Spring is progressing despite the damp and drizzly weather we are having here in the Pacific Northwest. It has been unusually gray this year and even though we are used to rain here, people are starting to complain about it. But being the hardy and optimistic people that we are, there is always light at the end of the rainbow, and after every complaint comes the typical hopeful remark that goes something like this, 'Oh well, that is what makes everything so green and beautiful here'. I love that sense of optimism and gratitude and that is what makes this place so wonderful. I was not born here, and spent my childhood in New England, and it did take some getting used to the gray skies. But now that I have been here most of my adult life, I can't imagine another place that is more beautiful or peaceful. Nature is all around us here, whether it is the water, the mountains, or even the high dessert, just a short drive across the mountains. There is even snow all year round if you climb high enough. I would say it is as close to Paradise as you can get. And in fact, that is the name of the beautiful lodge at the base of Mt. Rainier. When the wildflowers are in bloom there is no other place on earth you would rather be.
Speaking of wildflowers, I took a little walk-about the other day and snapped these pictures. The native pink bleeding heart are in bloom now and I have a little woodland glade along the driveway that is carpeted with them. There is a trail running through them from the wild critters passing through. No matter how many times hubby tries to block the hole they dig under the fence, they always dig another. We suspect it is raccoons, but we have seen coyote and possum, even porcupine. Anyway, it is lovely there and the dogs and I always like to take a little walk through the glade. At the beginning of the trail, there is an ancient stump. You can still see the ax marks where the loggers stood to cut it down. This must have been a very old cedar tree, as it is still enormous after almost 100 years since being cut. I try to imagine what that ancient forest must have looked like and I feel sad that it is all gone now.

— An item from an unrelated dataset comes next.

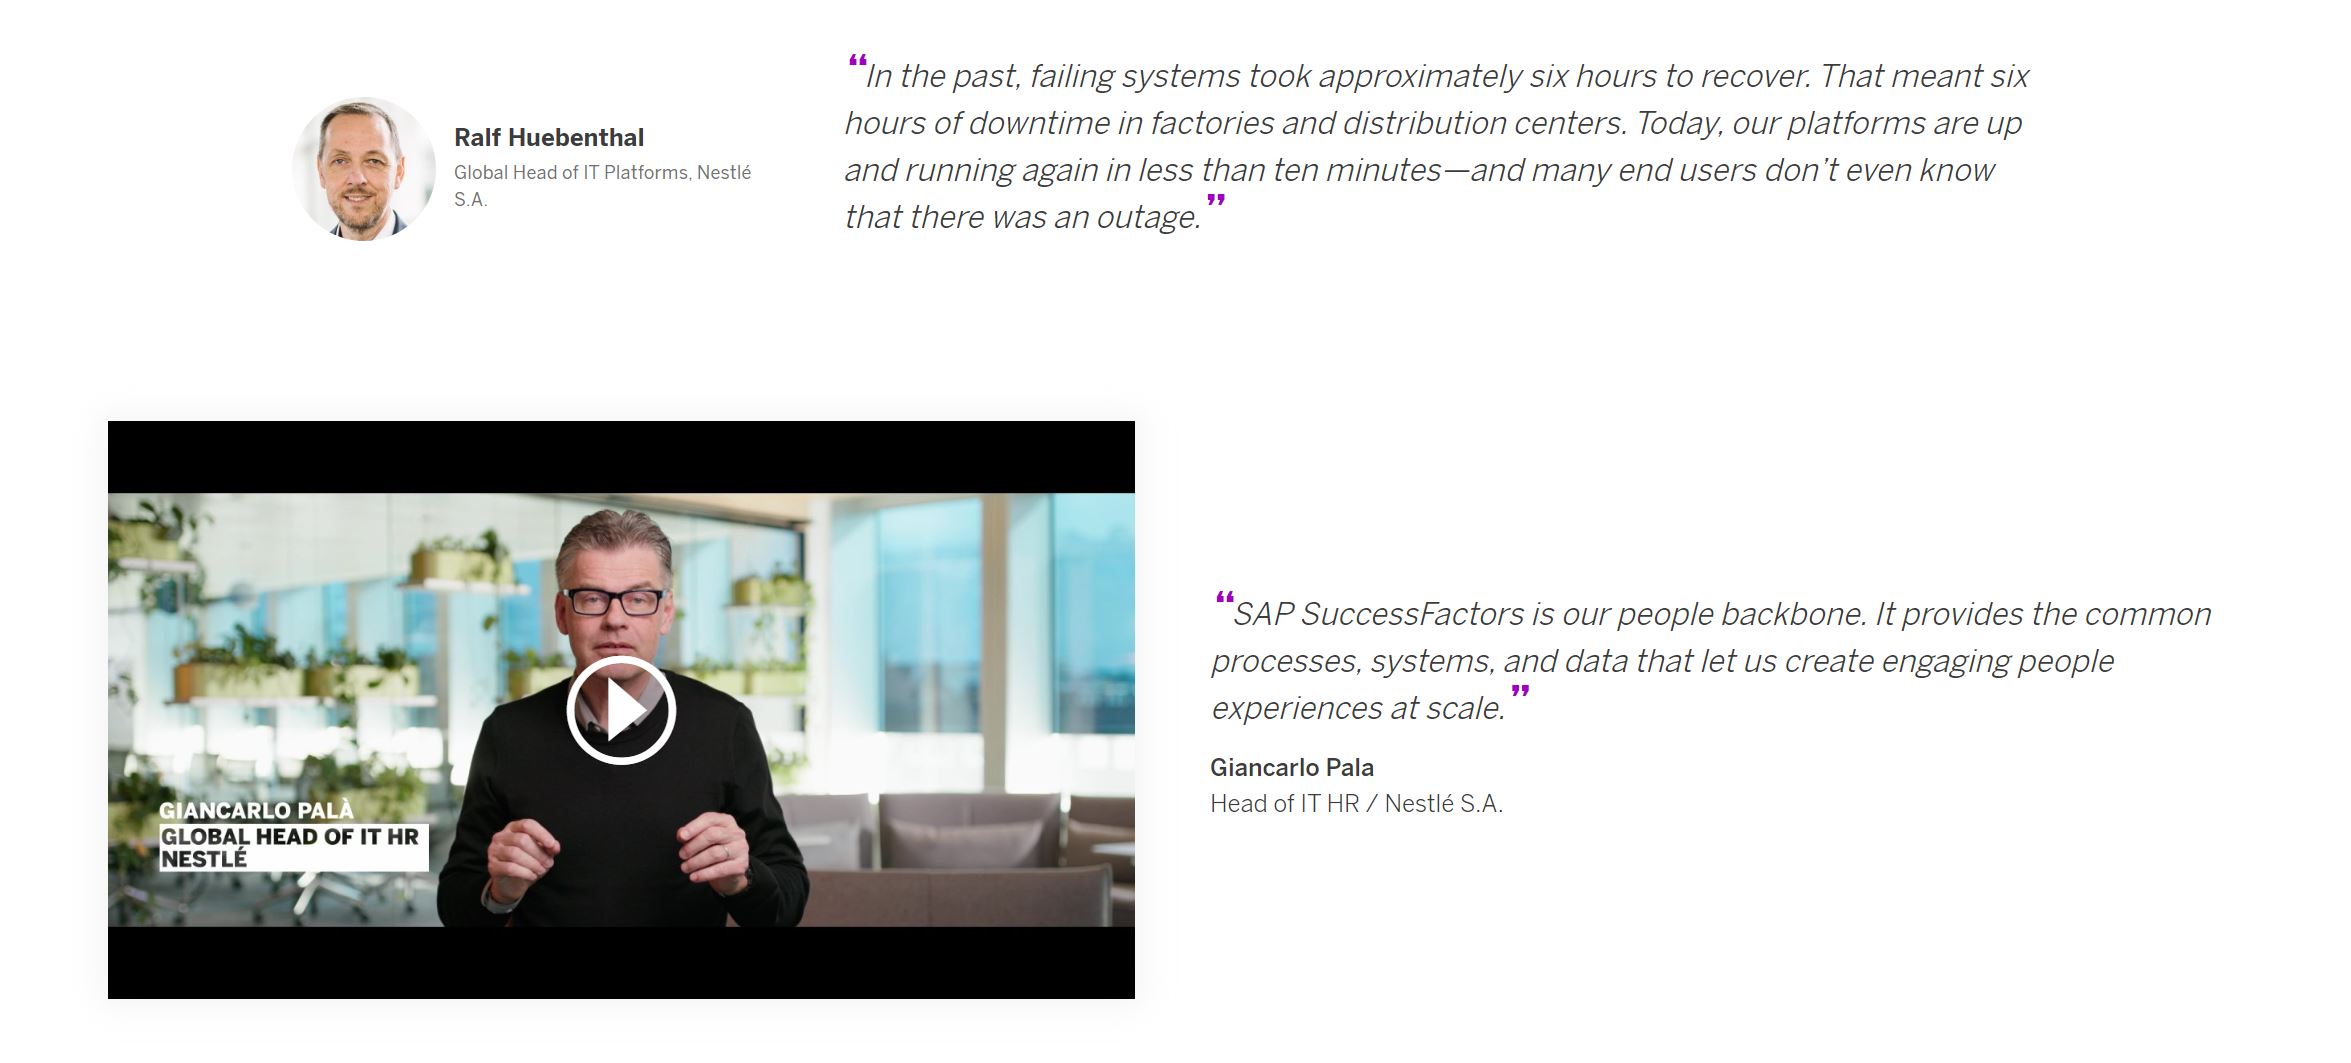 A screen capture from an SAP case study shows how video and client testimonials add interest.

The Red Elderberry bushes are also in bloom now with their pungent smelling cone shaped clusters of white blossoms. Later, there will be red berries that the birds love to eat. We have a pair of nesting Western Tanagers that come back every year, just as the berries are ripening. The first time I saw one, I thought it was an escaped parrot! They are amazingly colorful and beautiful. Maybe I will get lucky and get a picture this year.
The Trillium have started to fade, and turn from white to pink just before the petals drop off, one last show of beauty until next year.
My columbine are also starting to come into full bloom, just as the daffodils are fading away.